Сюда, сюда, мой друг! Ты знаешь край, где никнет

клубника в чернозем на радость муравьям,

где сохнет на столе подмоченная книга

Эжена де Кюсти, и за забором там

соседа-фавна смех, и рожки, и гармошка,

и Хлои поясок, дриады локоток,

и некуда идти.
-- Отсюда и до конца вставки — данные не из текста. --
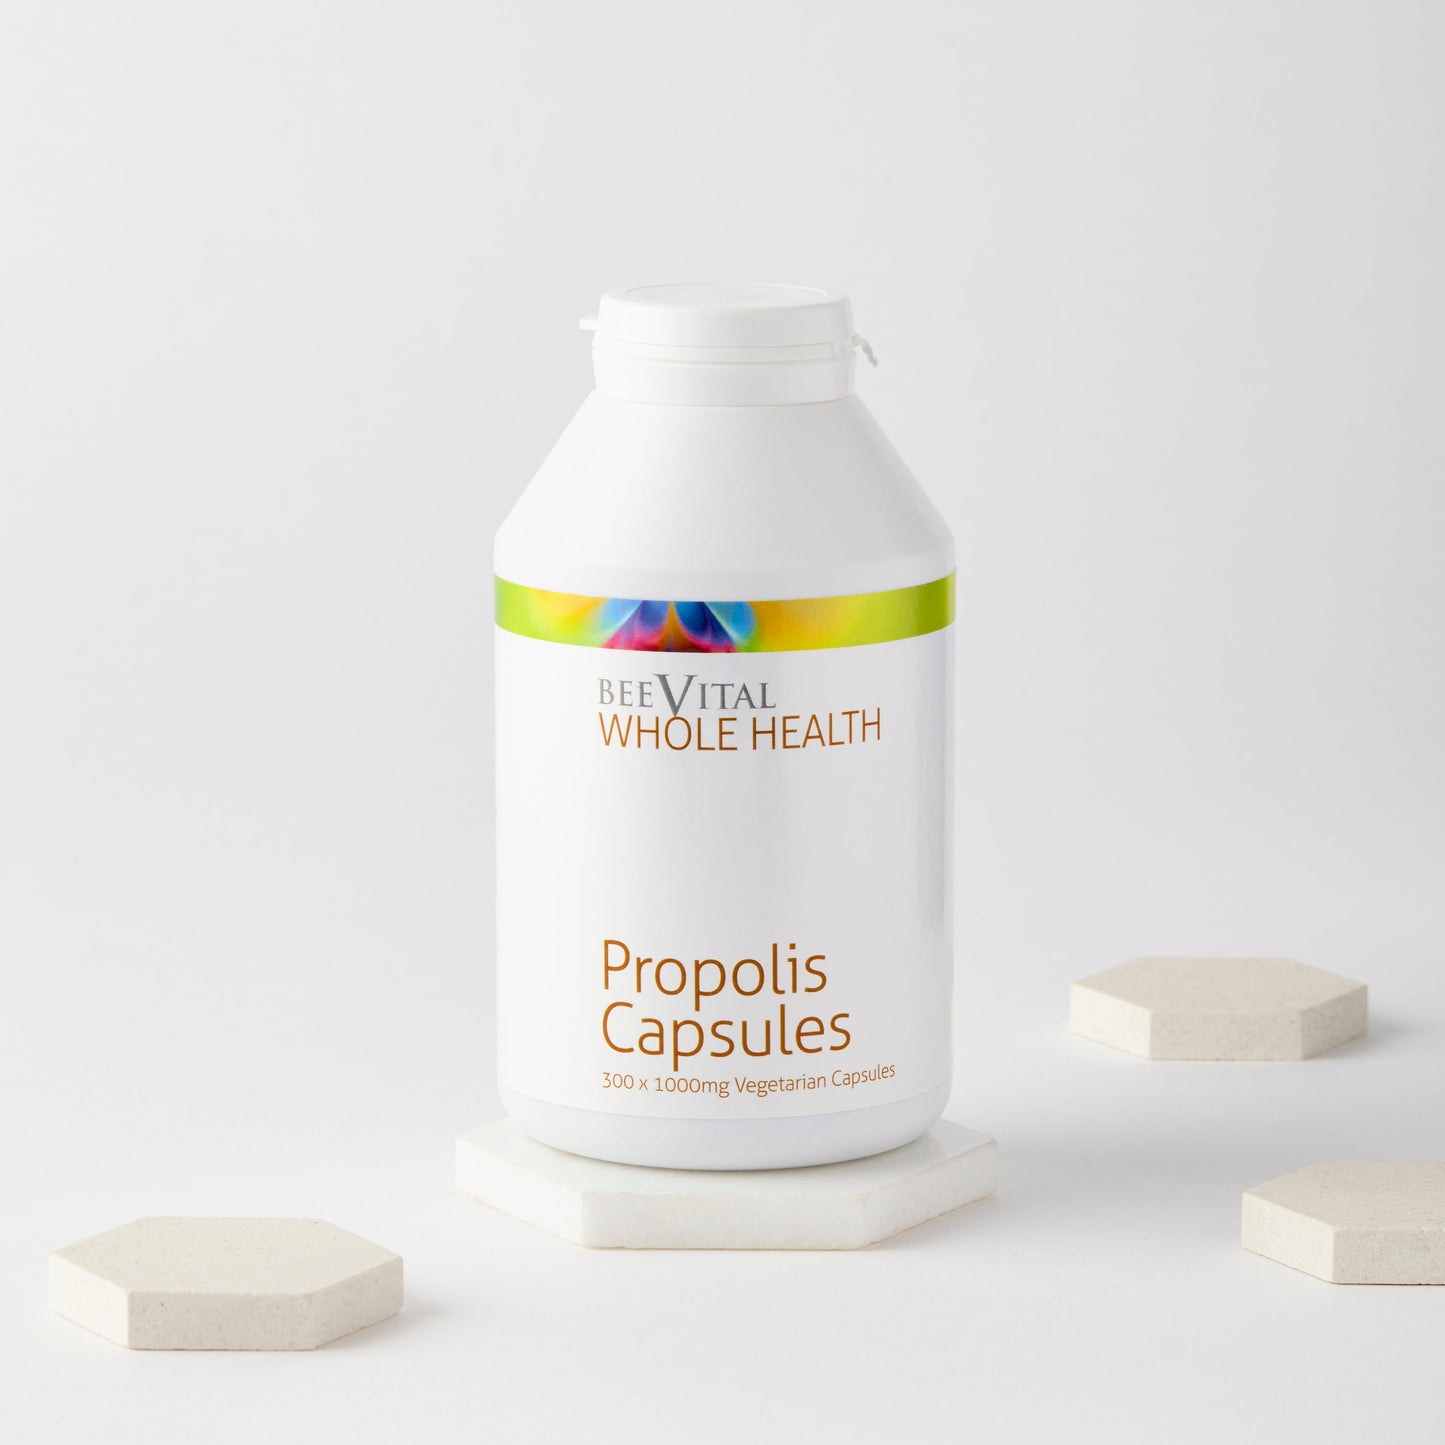 Propolis Capsules - 6 Pack
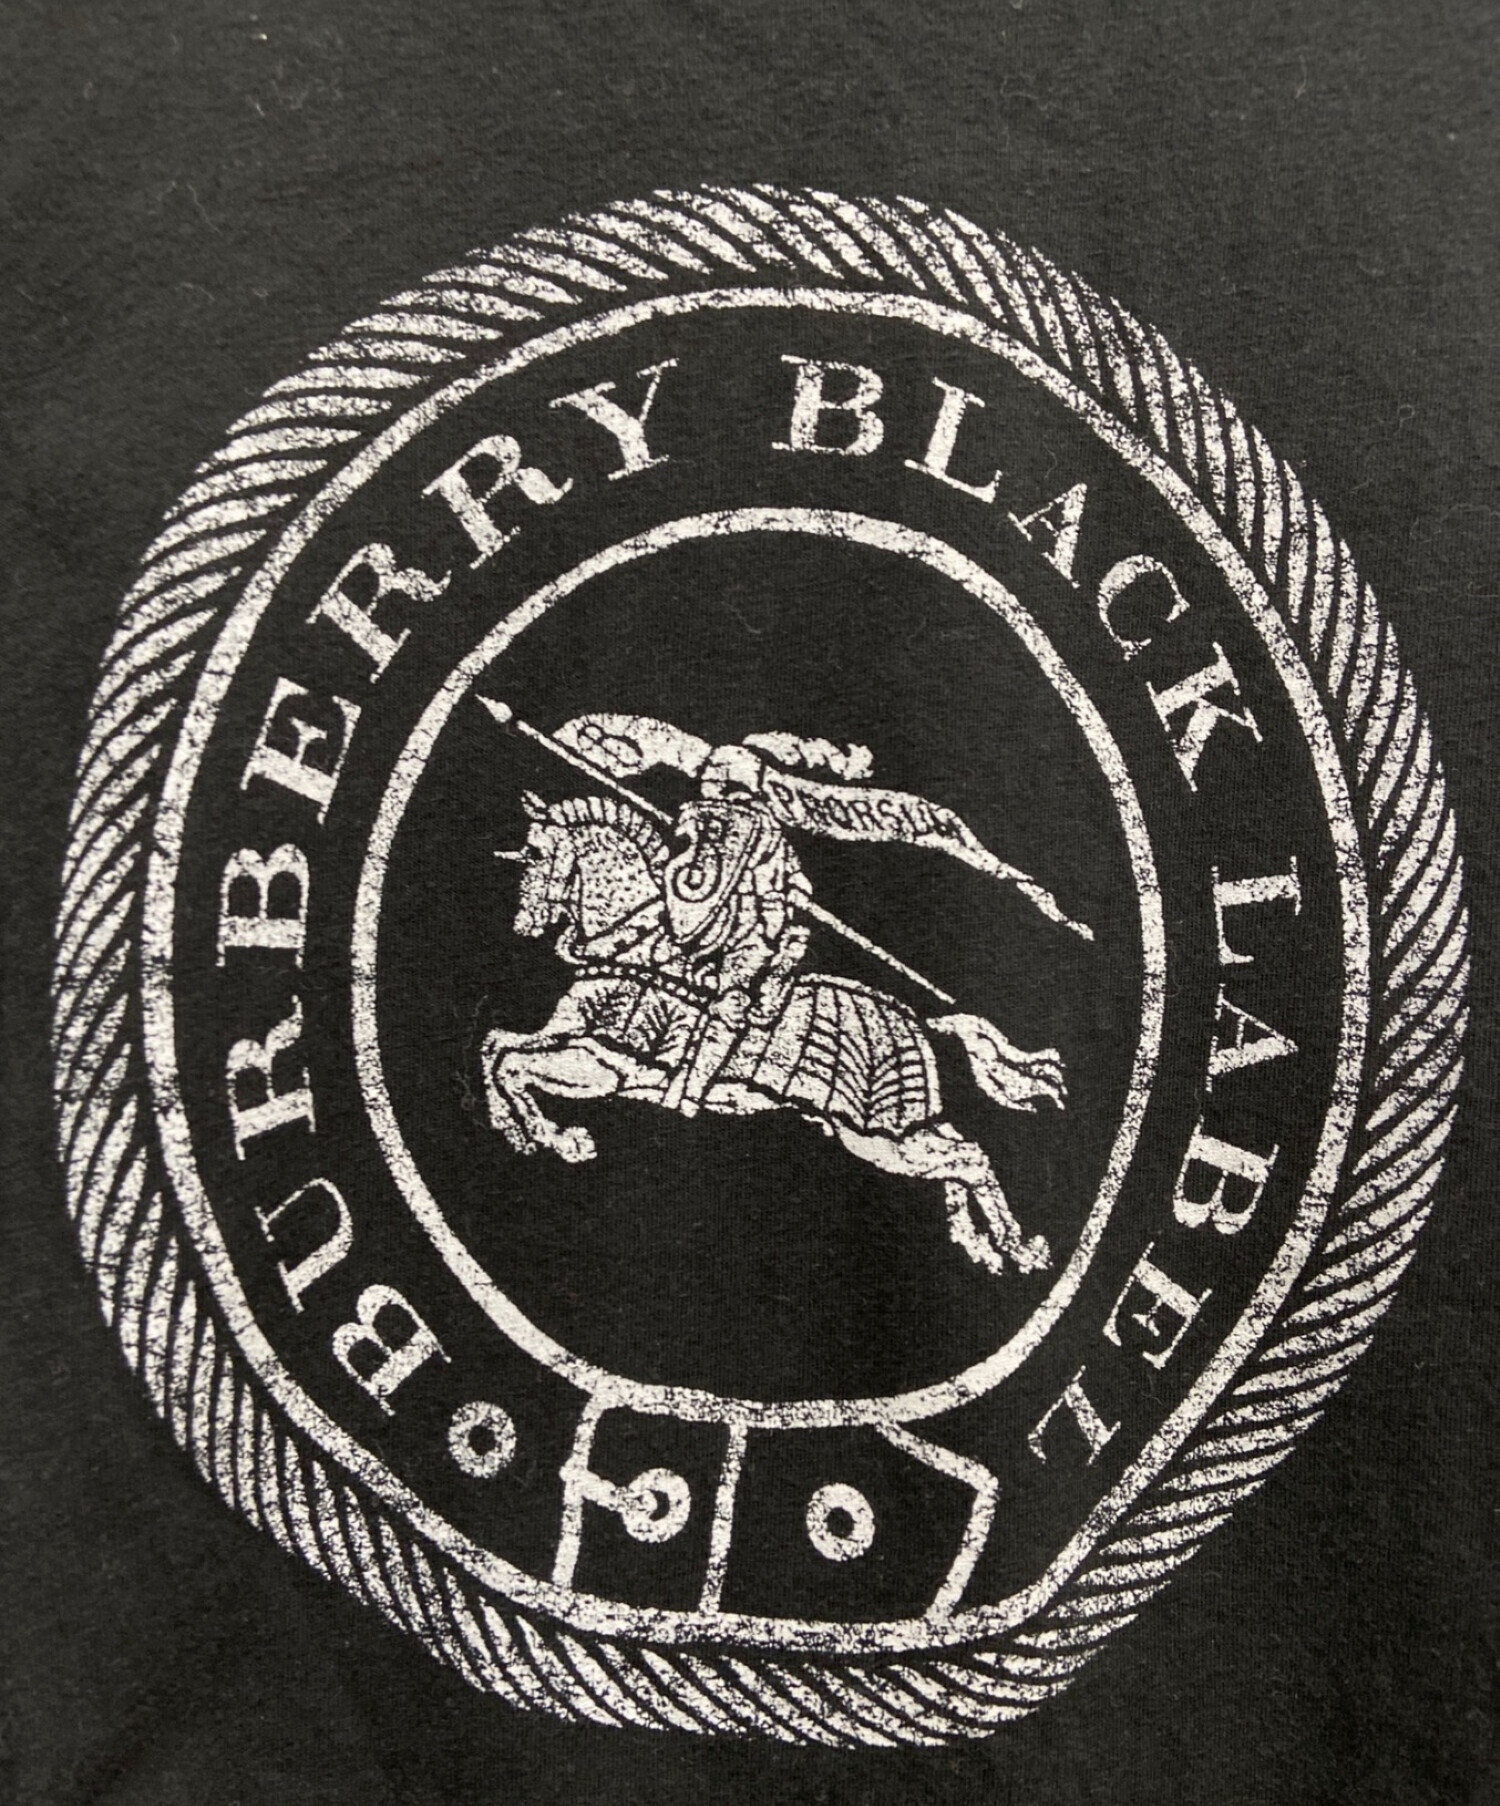 BURBERRY BLACK LABEL (バーバリーブラックレーベル) ロゴプリントTシャツ ブラック サイズ:L

И за грядой картошки

заросший ручеек, расшатанный мосток.

IIБАЛЛАДА О ДЕВЕ БЕЛОГО ПЛЕСА

Дембеля возвращались в родную страну,

проиграв за кордоном войну.

Пили водку в купе, лишь ефрейтор один

отдавал предпочтенье вину.

Лишь ефрейтор один был застенчив и тих,

и носил он кликуху Жених,

потому что невеста его заждалась

где-то там, на просторах родных.

Но в хмельном кураже порешили они

растянуть путешествия дни

и по Волге-реке прокатить налегке.

Ах, ефрейтор, пусть едут одни!

Ах, ефрейтор, пускай они едут себе.

Ни к чему эти шутки тебе.

Ты от пули ушел и от мины ушел.

Выходи, дурачок, из купе.

Ведь соседская Оля, невеста твоя,

месяц ходит сама не своя,

мать-старушка не спит, на дорогу глядит…

Мчится поезд в родные края!

Но с улыбкой дурною и песней блатной

в развеселой компаньи хмельной

проезжает ефрейтор родные места,

продолжает в каюте запой.

Вниз по Волге плывут, очумев от вина,

даже с берега песня слышна.

Пассажиры боятся им слово сказать.

Так и хлещут с утра до темна.

Ах, ефрейтор, ефрейтор, куда ж ты попал?

Мыться-бриться уже перестал.

На глазах пассажиров, за борт наклонясь,

ты рязанскою водкой блевал…

На четвертые сутки, к полудню проспясь,

головою похмельной винясь,

он на палубу вышел в сиянье и зной.

Блики красные плыли у глаз.

И у борта застыв, он в себя приходил,

за водою блестящей следил.

И не сразу заметил он остров вдали.

Лишь тогда, когда ближе подплыл.

И тогда-то Ее он увидел, бедняк,

и не сразу он понял, дурак,

а сперва улыбнулся похабной губой,

а потом уже вскрикнул и – Боже ты мой! —

вдоль по борту пошел кое-как

за виденьем, представшим ему одному,

почему-то ему одному,

за слепящим виденьем, за тихим лучом,

как лунатик, пришел на корму.

Дева белого плеса и тихой воды,

золотой красоты-наготы

на белейшем коне в тишине, в полусне…

Все, ефрейтор злосчастный. Кранты.

Все, ефрейтор, пропал, никуда не уйдешь.

Лучше б было нарваться на нож,

на душманскую пулю, на мину в пути.

Все, ефрейтор. Теперь не уйдешь…

И когда растворилось виденье вдали,

кореша-дембеля подошли,

чтоб в каюту позвать, чтоб по новой начать.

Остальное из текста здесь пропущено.